I make this recipe quite often and every loves it. It is a nice change form the Artichoke Dip and is beautiful on a serving platter....

Alexa

Roasted Pepper and Artichoke Puffs (about 4 dozen)
 
2 Tbsp unsalted butter
1 bunch scallions, trimmed and minced
2 cloves garlic, minced
1 can (13 ¼ oz) artichoke bottoms, drained and cut into ¼ inch dice
3 oz thinly sliced prosciutto , minced
3 Tbsp finely shredded fresh basil
2 oz Parmesan, grated (about ½ cup)
2 oz Jarlsberg or Gruyere cheese grated (about ½ cup)
1 Tbsp fresh lemon juice
½ cup Hellman’s mayonnaise
3 red bell peppers
3 yellow bell peppers
¼ cup olive oil
2 Tbsp balsamic vinegar
Fresh ground pepper & salt to taste
 

Melt the butter in a small skillet over medium high heat.
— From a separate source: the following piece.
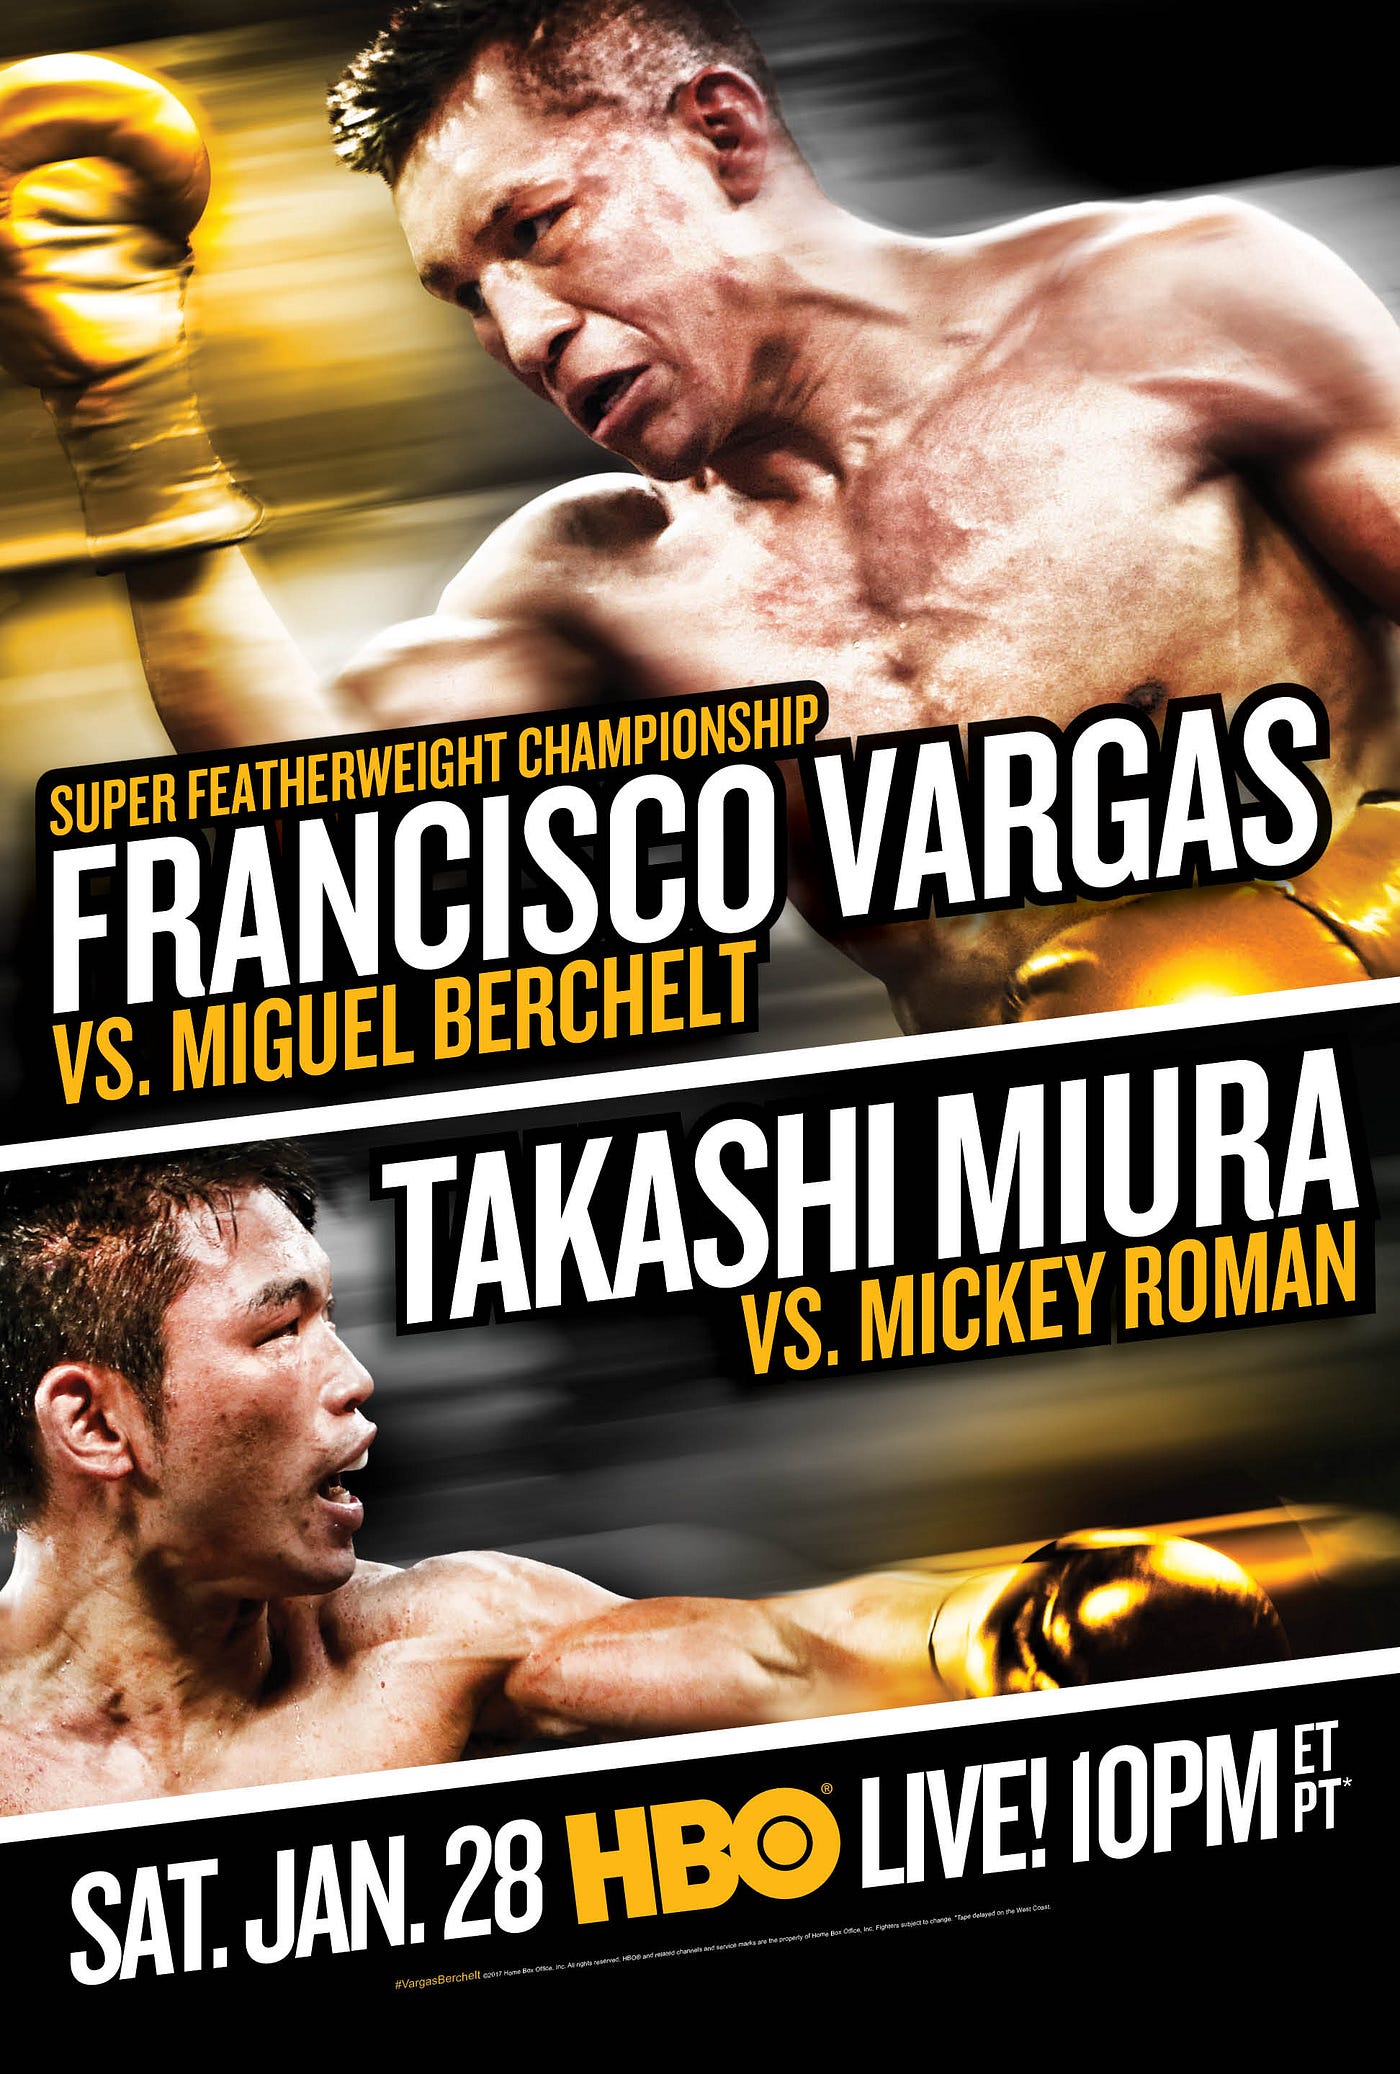 HBO BOXING® OPENS THE NEW YEAR WITH A RED-HOT DOUBLEHEADER WHEN HBO BOXING AFTER DARK® FRANCISCO VARGAS VS. MIGUEL BERCHELT AND TAKASHI MIURA VS

Add the scallions and garlic and cook, stirring frequently, until just softened about 2 – 3 min. Transfer to a med mixing bowl.
Add the artichoke bottoms, proscuitto, basil, parmesan and Jarlsberg to the scallions and toss to combine. Sprinkle with lemon juice and pepper. Bind the mixture with mayo and refrigerate at least 1 hour.
Prepare the peppers: Preheat the oven to 400F. Stem & seed each pepper, then cut into chunks about 2 x 1 ½ inches. Place the peppers in a single layer in a large shallow baking dish. Drizzle peppers with olive oil and vinegar and sprinkle with salt and pepper. Roast the peppers 15 minutes, stirring once halfway through the cooking time. Remove from the oven and let cool.
 
When ready to serve the hors d’oeuvres, preheat the broiler. Mound about 2 tsp  of the artichoke mixture onto each pepper wedge. Arrange in rows on a baking sheet and broil 3 – 4 inches from the heat until puffed and bubbly about 2 minutes. Let cool a few minutes then transfer to a tray and pass with plenty of napkins.
 
 
From Cold-Weather Cooking by Sarah Leah Chase


----------



## cjs (Oct 28, 2006)

Now, doesn't that sound tasty!! duly copied.


----------